But now, by virtue of being associated with a forbidden phallic charge
of eros, which he says is "gross," the baby is contaminated anew.
Furthermore, the baby is not only that which his mother threw away, but
that aspect of himself which he also threw away, its being too painful
to dwell on its pain, its identity, and its unfulfillable longings.
Nobody, it seems, wants this baby.
Up until this
point I have tried simply to follow his lead. Here, however, I want to
say something. At the same time I want to remain within the language
and the sequence of the play situation he created. So I stop shooting
and say, "I don't feel right shooting at this baby. I want to make
friends with him." And I refuse to shoot him anymore. This is my effort
to say I am in some sense on the side of the libidinal self, and that
this true even though, in the previous hour with two mothers, I was
also on side of mothers in so far as they were insisting on acceptable
social behavior. The baby comes out of the play house, gets the gun,
and shoots me, expressing his anger at me, probably for allowing him to
be embarrassed by letting his mothers confront him on the sexual
matters in my presence, and for affirming with them the need for firm
social limits. I think he shoots me also as an expression of his
mistrust of my sincerity in trying to align with his needs.
Then Eric
stands in the center of the room, holding the baby, and looking sort of
lost. He says, speaking for the baby, "I want my mother...I mean my
magic." The slip that he immediately corrects expresses his deeper
longing for the lost mother---probably both his adoptive mother, where
he cannot presently live, and his biological mother. Here we are very
close to an open acknowledgment of the needs of his innermost
self---what Guntrip refers to as the "lost heart of the self." But the
slip also suggests that it is his sexuality, his "magic" that is tied
up with the longing for mother.
Eric's magic is
his phallic power. He retrieves this and, seeming to regret having shot
me, he uses the magic powers of the baby to heal me (he simply points
at me and says "zap'" and I am healed). His love makes me well (I am
re-instated as a benign and helpful object in his world). We are
friends. In terms of my agenda, he and I have at this point made a
therapeutic alliance to try to help the phallic boy with his needs for
love, acceptance and security, even though this must be balanced by an
affirmation on my part that he must meet his needs within an acceptable
social framework.
Although I am
not at this point identified with the persecutory anti-libidinal
object, that figure doesn't simply dissolve into thin air. Eric creates
a loud, very aggressive man, whom he enacts. He gets the gun and shoots
both me and the baby. I am killed but the baby is able to defend itself
from this attack with its own magic. This baby has control of all the
magic power. He is a phallic baby.

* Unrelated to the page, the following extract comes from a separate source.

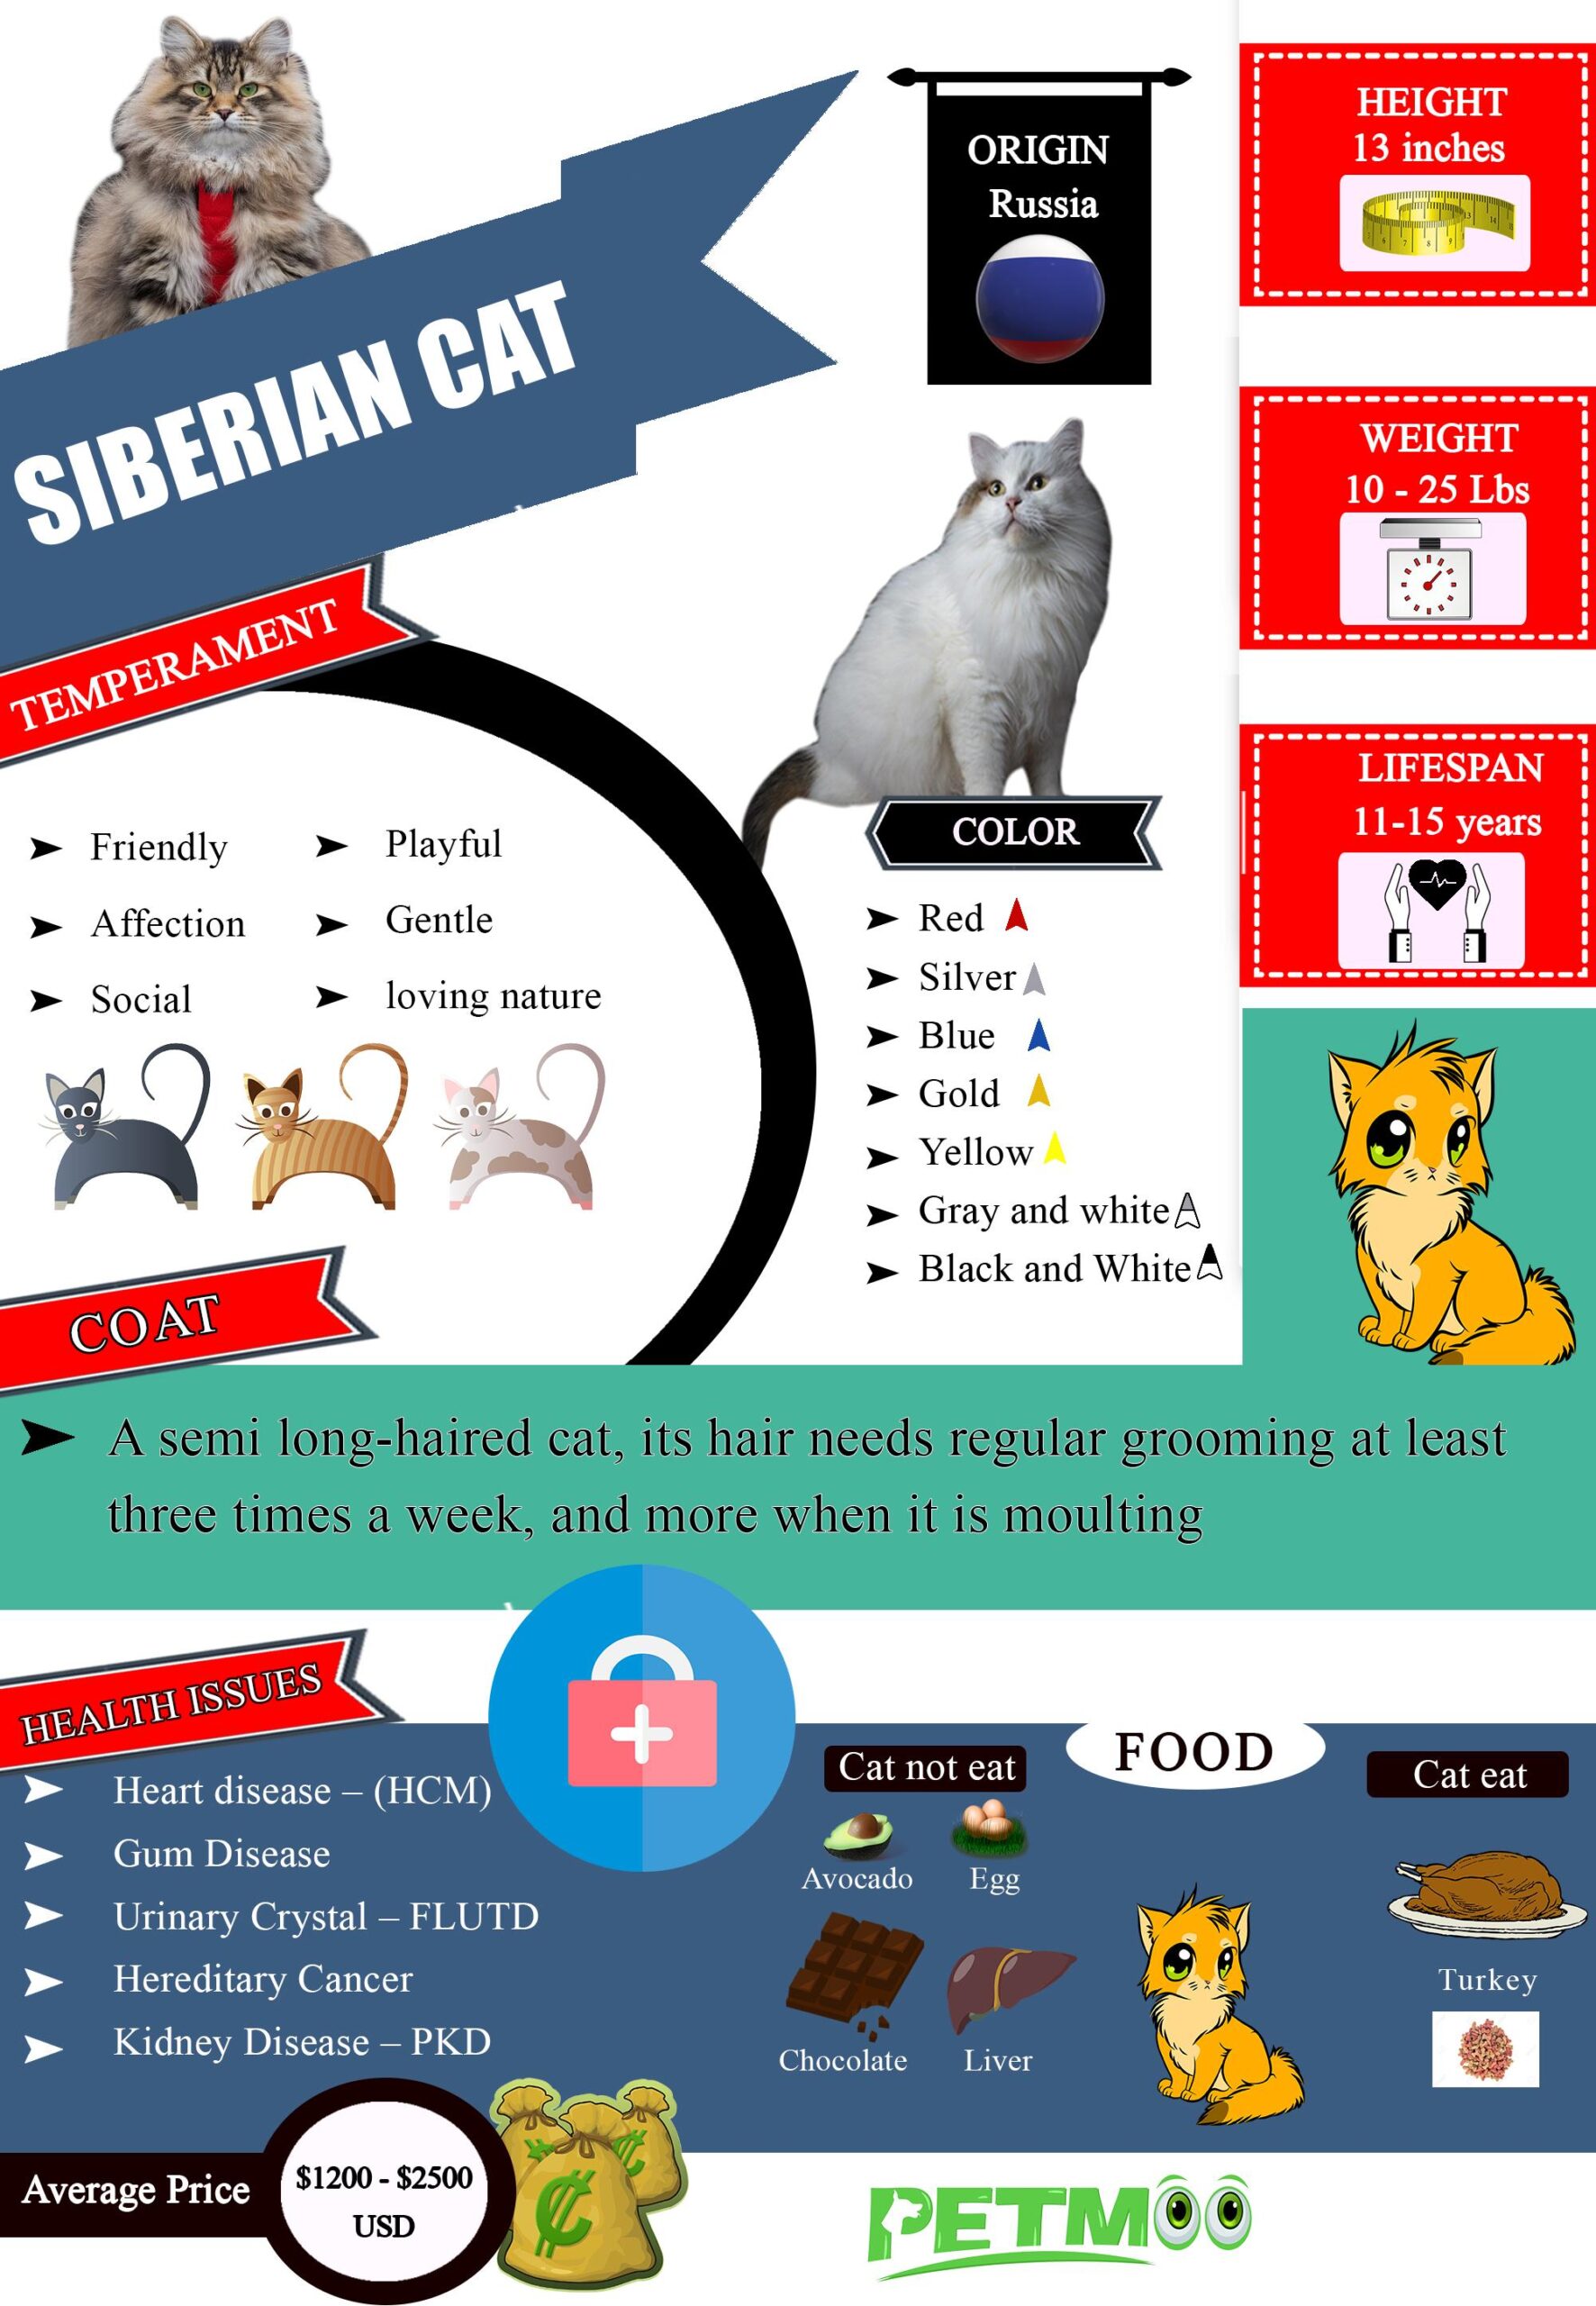 Siberian Cat Infographic

The baby shoots back at the man with
magic power and after a long and terrible struggle in which the baby is
wounded to the point of death several times, the baby emerges
victorious, and kills the man. Then he revives me again with his magic
power. Baby has the power of reviving me when I am shot. The magic
power of the baby can, as I suggested to him, be used either
aggressively or as a healing power.
The hostile man
comes back to life. We try to make friends with him. He seems to go
along with this, but he is lying to us. At the first opportunity he
betrays us and starts shooting us again. There is a new battle much
like the old one. I think at the time that this man represents the
anti-libidinal forces of the outside world. Probably he also represents
one aspect of a split image of myself, that correspond to his
unresolved ambivalence about whether he can really trust me. The theme
of betrayal suggests this to me.
Then Eric says
something about "Willie in my head." This is not very clear, and my few
attempts to get clarity are rejected. Without the aid of associations
or further clarifications from him with regard to the meaning of this
odd comment, I can only speculate. Willie as a representation of his
inner-most, needy self is, in my mind, almost identical to the phallic
boy---is simply a different metaphor representing the same psychic
reality. Willie may have come into his head at this point simply
because of his strong association with the baby. It is in part this
association that gives me some confidence in my interpretation of the
baby as a phallic child.
Returning to
the hostile man, it seems likely that this is a composite image not
just of the anti-libidinal others, but also includes that aspect of
himself that would attack the infant. Why would some aspect of himself
wish to do this? Beyond his identification with important loved adult
figures who have to some extent taken an anti-libidinal position, he
has reason to fear his own lost heart. Fear of making himself
vulnerable to a world he does not trust to be responsive to his inner
needs would be the primary reason for this fear. No one wishes to
experience the pain of acknowledging a need that one fears can never be
met. The deepest defense against the pain of not having enough food is
the denial of hunger. Additionally, in Eric's case, acknowledging the
denied inner needs of the self means to re-experience the pain caused
by those life experiences that thwarted these needs being met in the
past. It also entails the risk of letting oneself love real people,
both therapist and significant others in Eric's case. In view of past
abandonments, this is a dangerous matter indeed. The fear of living
within one's deepest needs, I believe, leads to the libidinal energies
detaching themselves from their true and deepest wishes and aims, and
to their fusing with an angry deprived self to produce a figure who
both attacks the inner child\phallus, and seeks gratification in an
unsocialized manner. This is the beginning of an asocial false self.
Finally the
baby and I succeed in killing the hostile man. Our time is up for this
session.
THEORETICAL
IMPLICATIONS
I would have us
focus on the child\phallus that emerged as the dominant figure in the
10\7\94 session. How are we best able to understand this curious
figure? We have described him as being both phallus and innermost needy
self. He is "Willie" in a slightly different guise. He is both Eric's
penis and his desire to return to his lost love, the mother who
abandoned him.
Trying to
understand the phallic child in the classical freudian manner, as a
physiological tension needing discharge is grossly inadequate. The
phallic child seeks to restore a lost relationship---it wants mother,
he is not seeking just any object to discharge himself upon.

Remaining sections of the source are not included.